Chapter 4 Missing values
There are some missing values in our dataframe, we want to look into the missing values and see if there is any pattern.
Firstly, we want to know how many of our rows contain missing values.
We can see that the only column that is missing is the Population.Count. Only 34 rows have missing values. But does the missing value has any pattern? Is the missing value related to any other variables?
From the plots above, we cannot see patterns of the missing values with respect to Year or gender. However, We can see that the majority of the missing values are for people from 0 to 17 years old. Only 1 row for people aged over 65 is missing, and none of the rows for people between 18 and 64 is missing. So we are not surprised to see that the majority of the missing information are for people with no income and classified as “Children under 15”.
Then, we want to find what percent of rows are missing for each age group:
We can see that a large proportion of data for residents aged 0 to 17 are missing. Very small percent of data is missing for 65 and older. No data is missing for people aged between 18 and 64.
Finally, we use the combined plot to show the patterns:
The large plot in the middle shows the pattern of the missing values. The grey cell means the corresponding variable is not missing, while the purple cell means the corresponding variable is missing. The bar plot in the upper part shows the percent/count of rows that does not have the corresponding variable. The bar plot on the right shows the percent/count of rows that have the corresponding pattern of missing values.
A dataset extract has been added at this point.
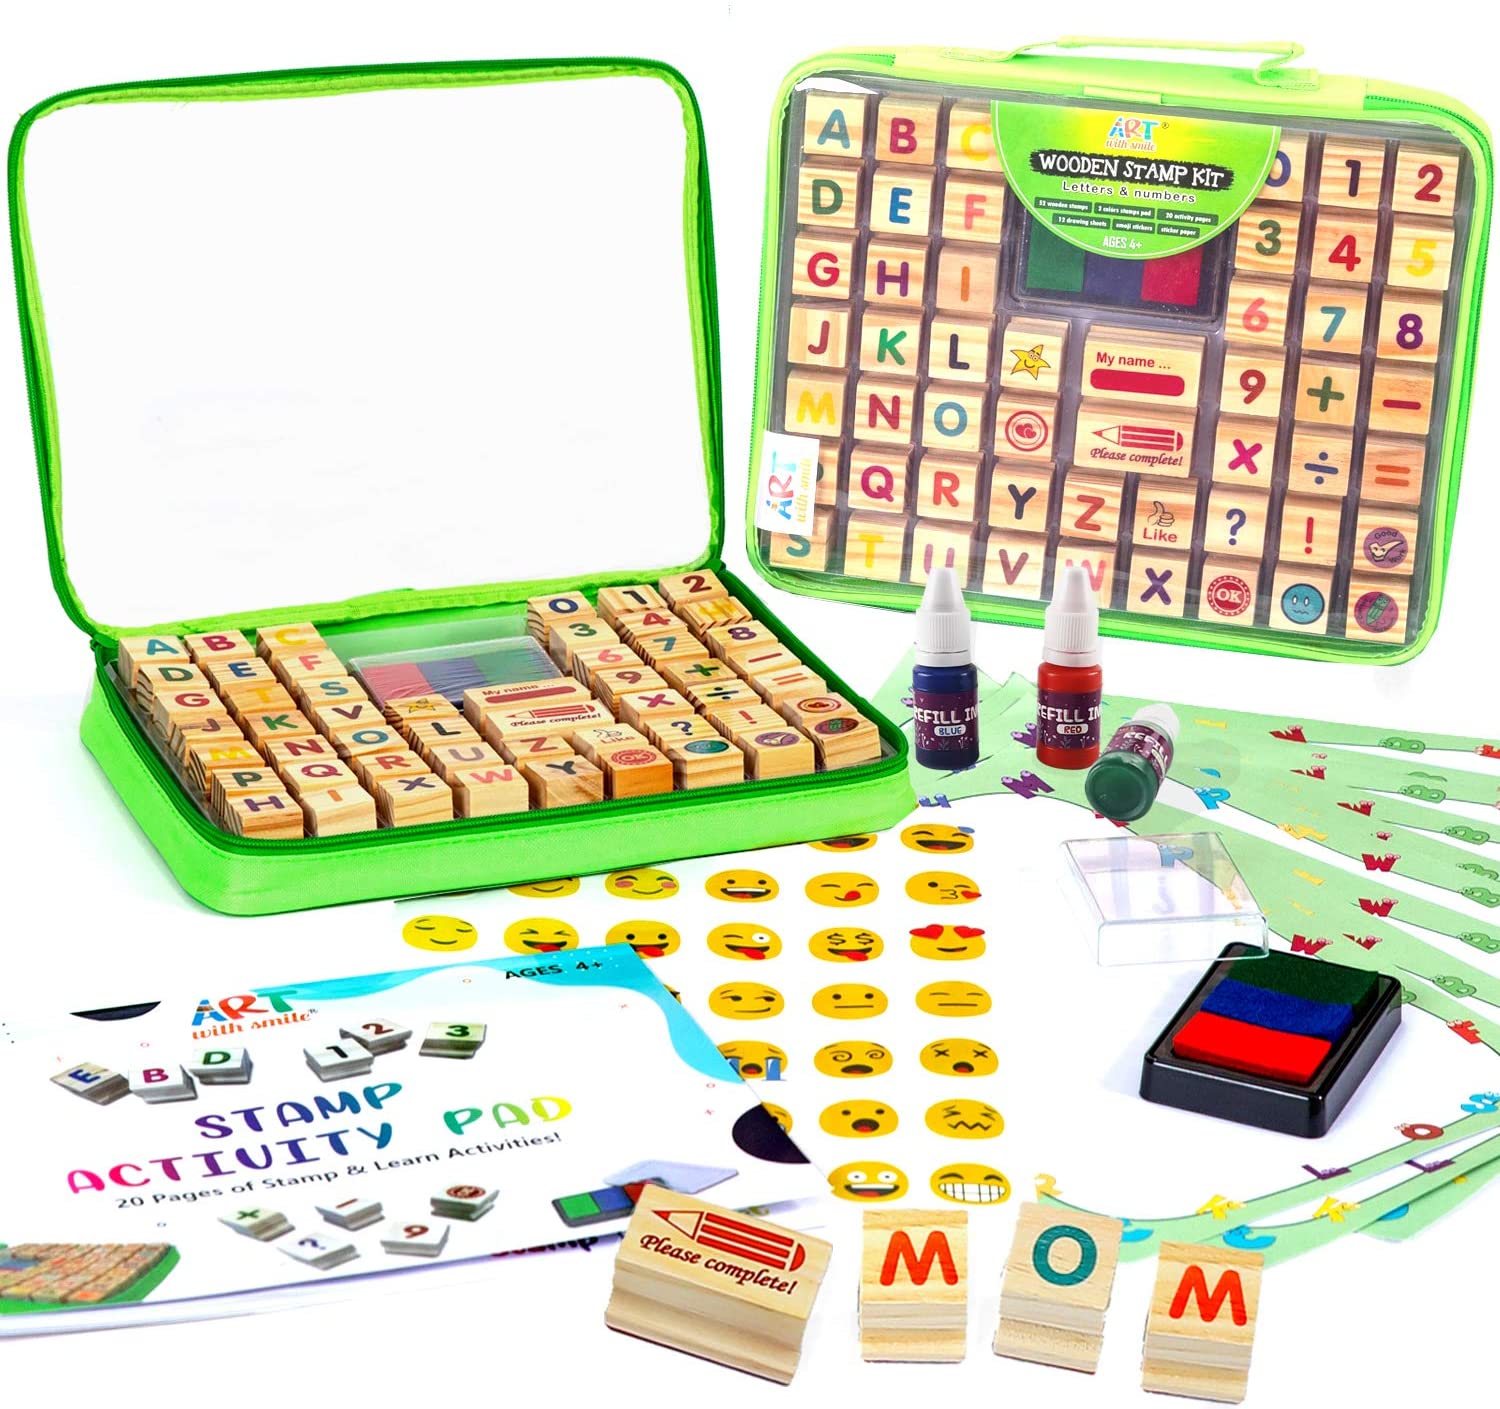 Wooden Stamp Set for Kids with Alphabet Stamps and Carry Case 72 Pcs –  Letters, Numbers, Emojis, 3-Color Washable Ink Pad, 3 refill bottles,  Activity Book, More – ABC 123 Stamps Excellent

The results agree with our plots made before: Only Population.Count column is missing, and the majority of the rows in our dataset does not contain any missing values.
In conclusion, the only column that contains missing values is Population.Count. A large proportion of data are missing for people aged 17 years old or younger. In addition, it doesn’t make much sense to analyze income for people aged below 18. Therefore, our project will mainly focus on the data for people aged between 18 and 64.